Task item:
Among the entries that follow, locate the line with "30e935721 Hudson Jodi" and the line with "Beagles clipart black". Output those lines and all lines in between, exactly, minus the pictures.

Data:
==========
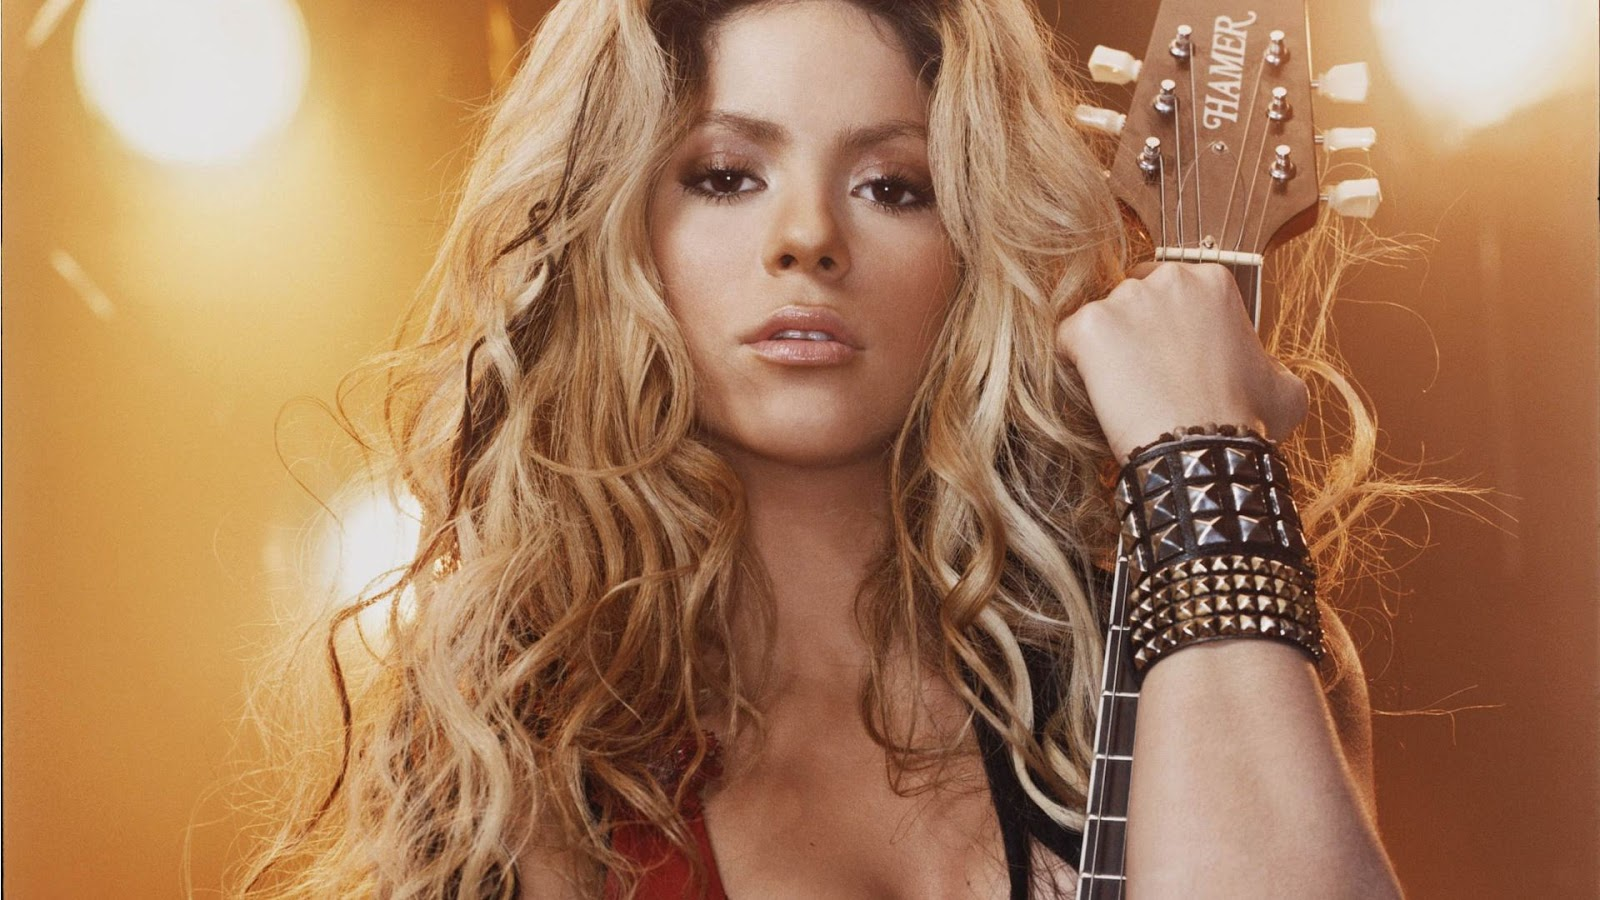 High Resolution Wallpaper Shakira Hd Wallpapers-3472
==========
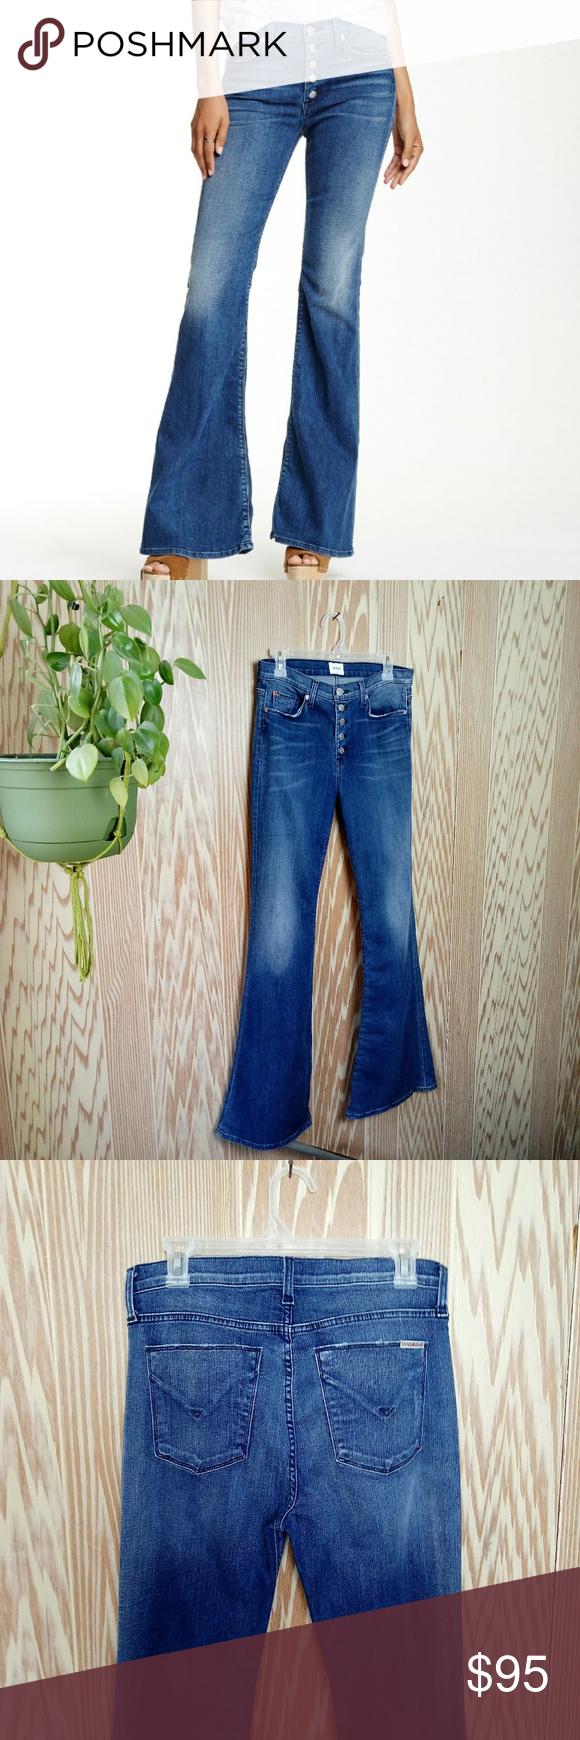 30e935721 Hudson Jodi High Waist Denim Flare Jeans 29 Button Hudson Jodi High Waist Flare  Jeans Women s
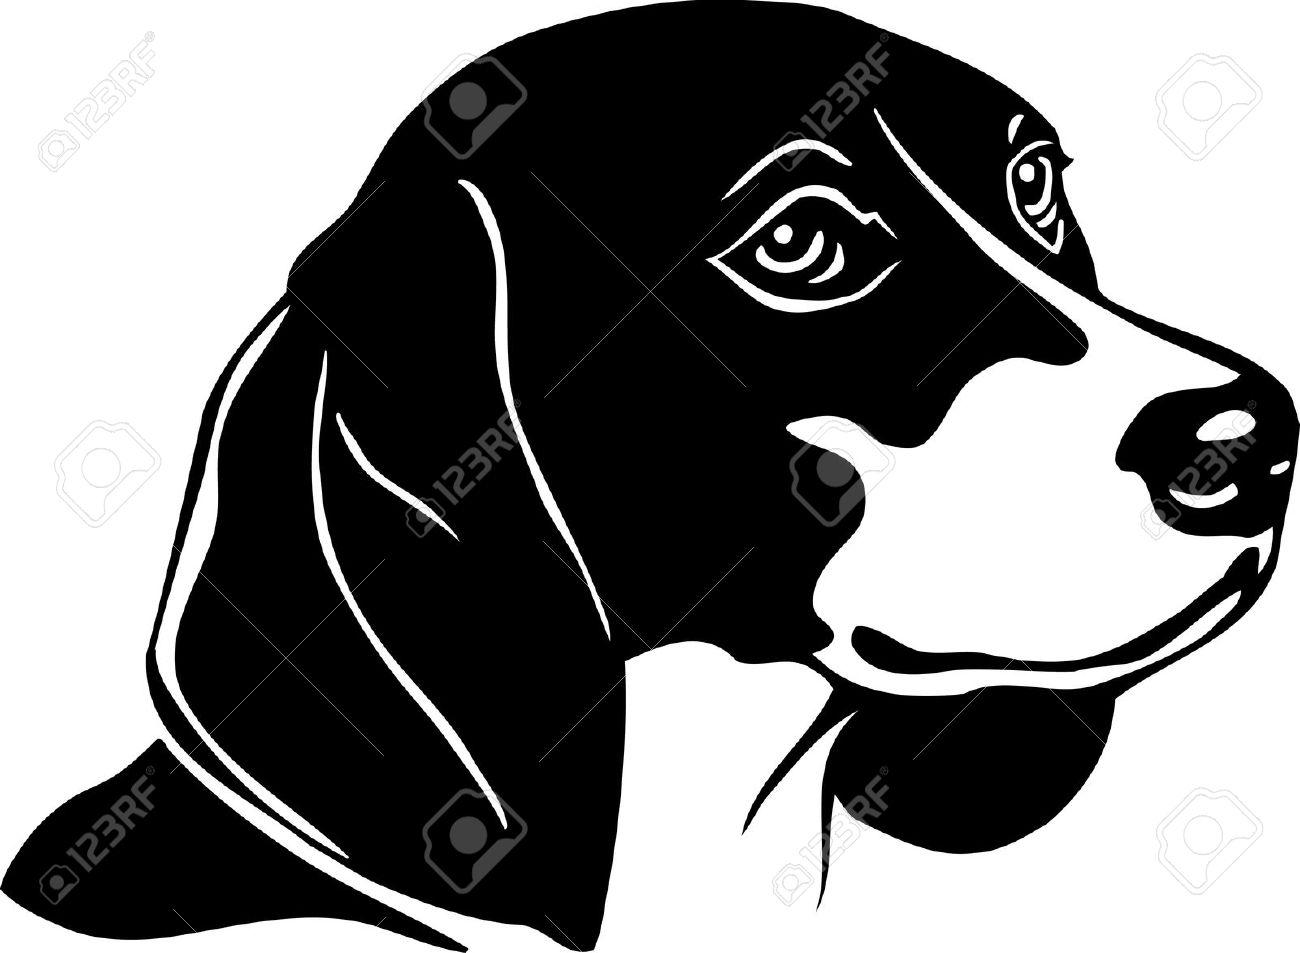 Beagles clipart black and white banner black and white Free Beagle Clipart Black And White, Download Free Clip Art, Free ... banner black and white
==========
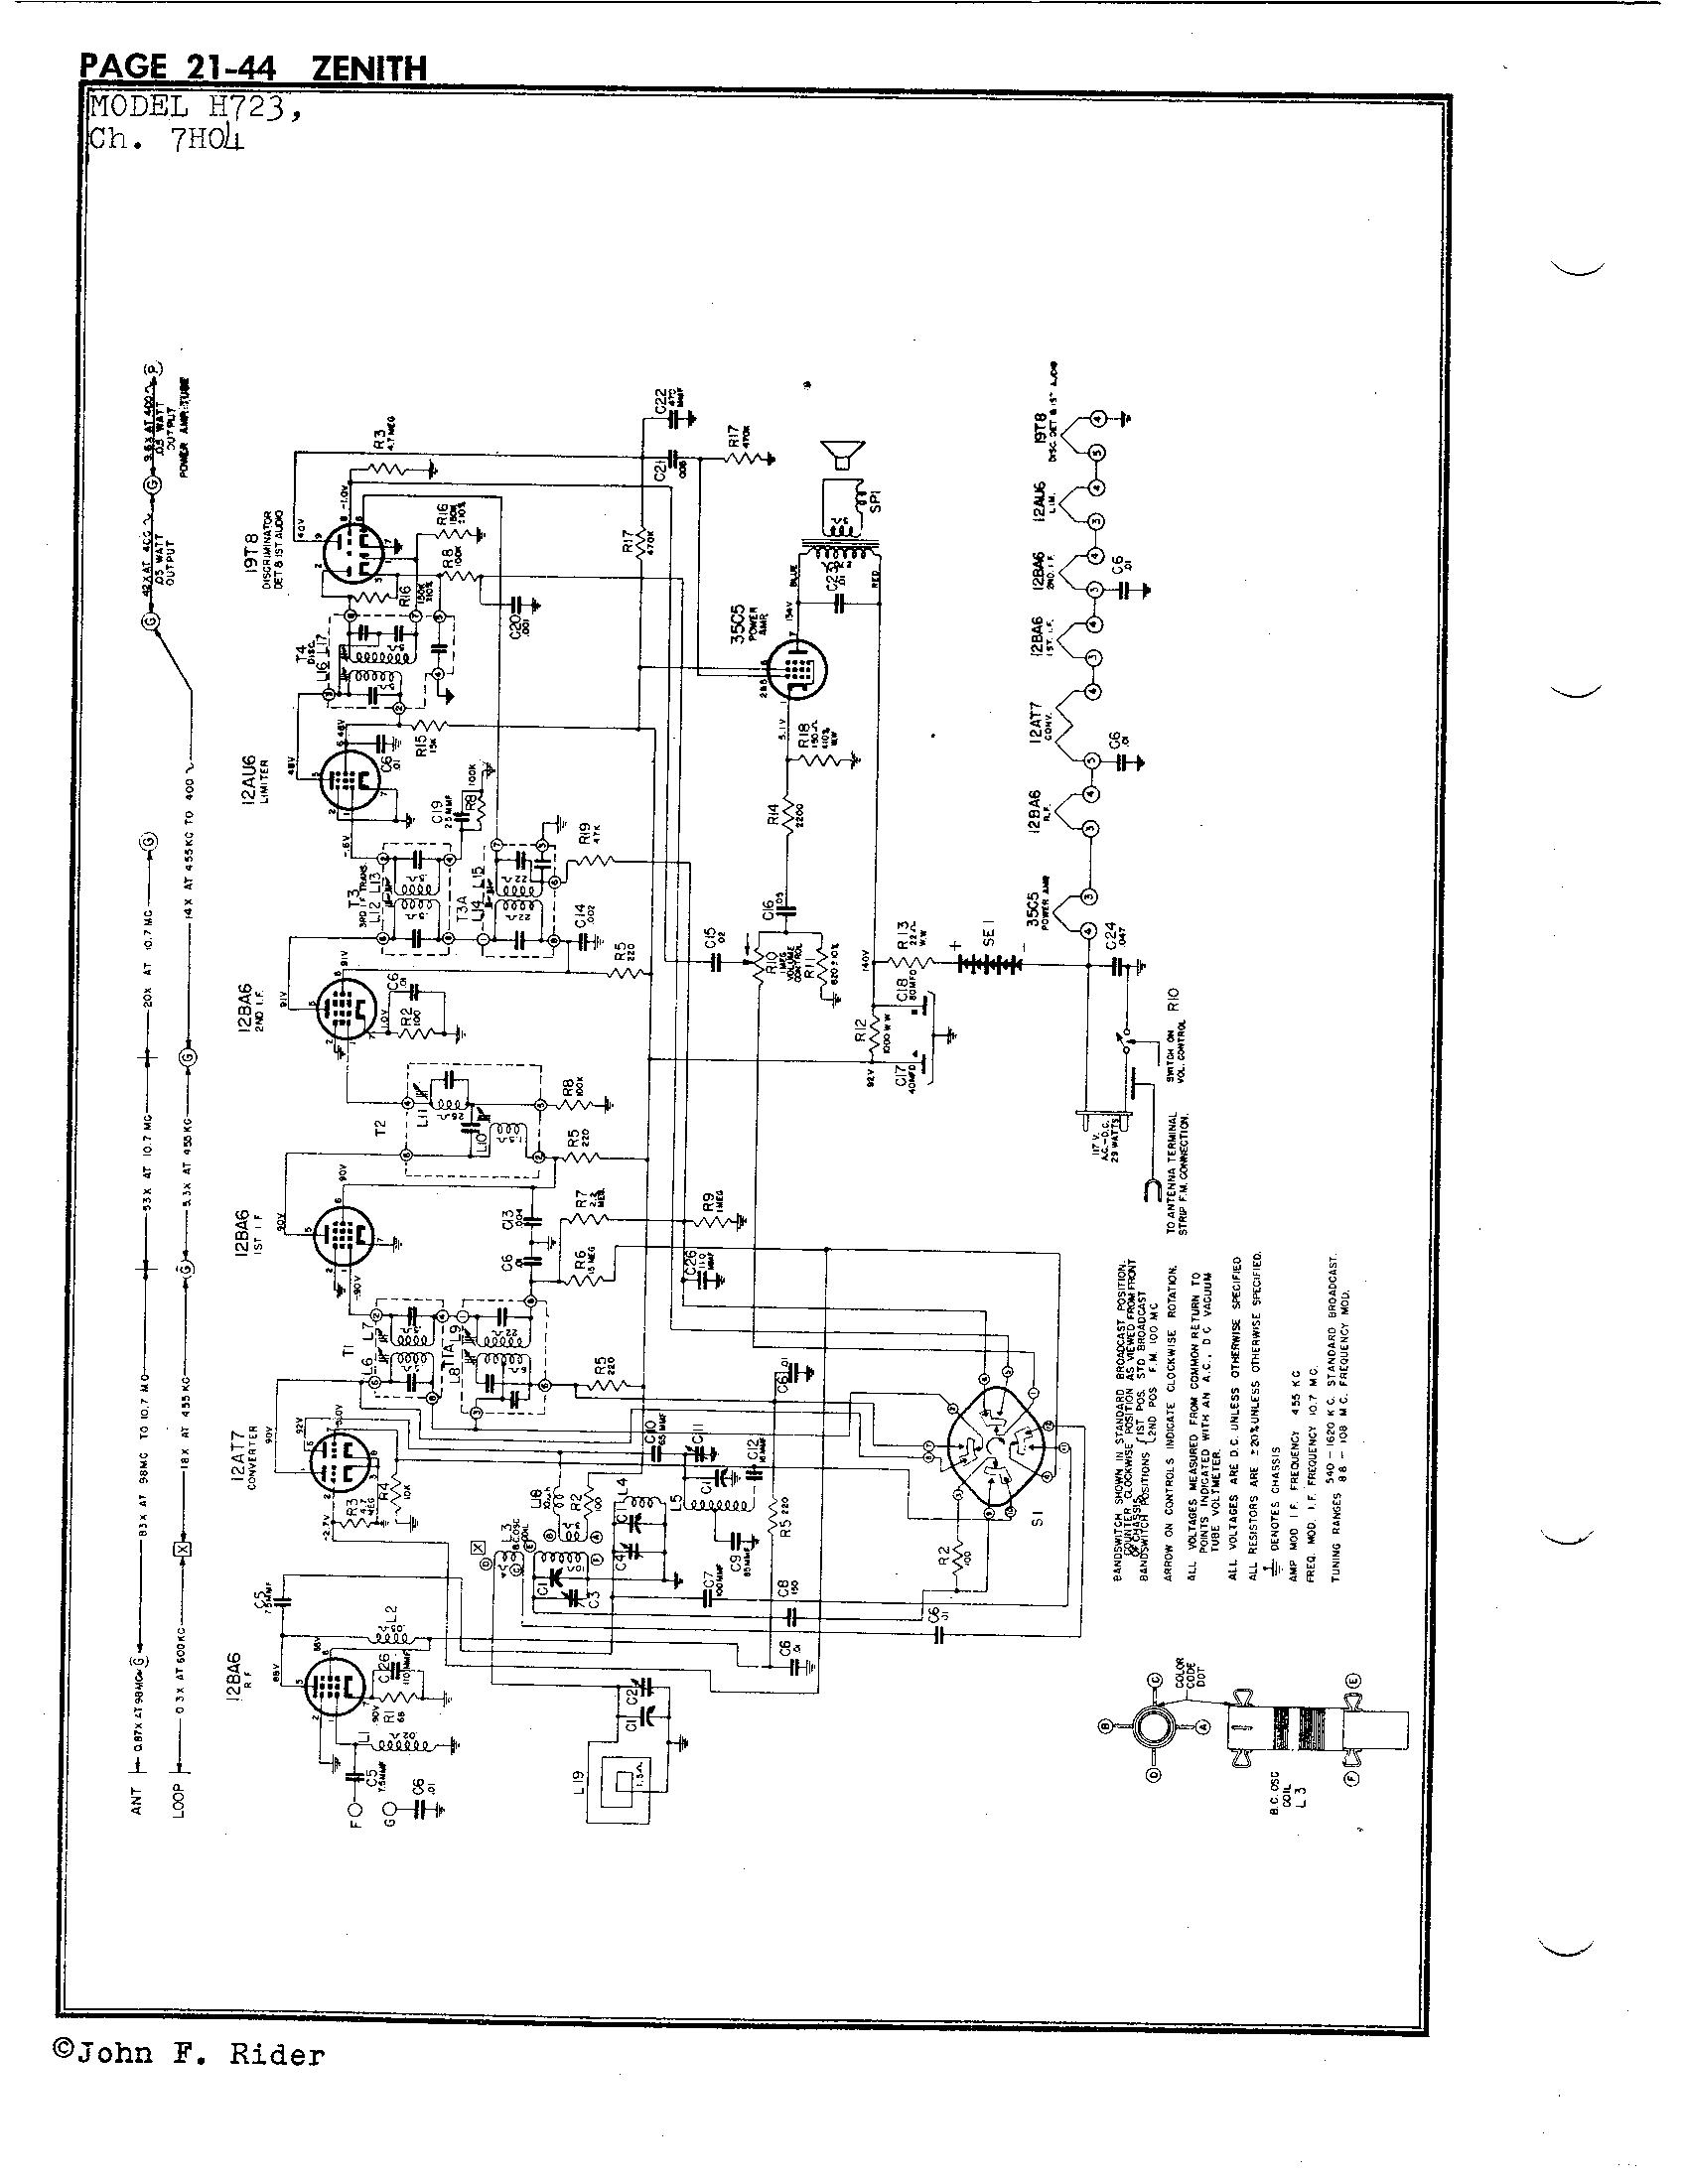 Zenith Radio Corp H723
==========
Output below:
 30e935721 Hudson Jodi High Waist Denim Flare Jeans 29 Button Hudson Jodi High Waist Flare  Jeans Women s
 Beagles clipart black and white banner black and white Free Beagle Clipart Black And White, Download Free Clip Art, Free ... banner black and white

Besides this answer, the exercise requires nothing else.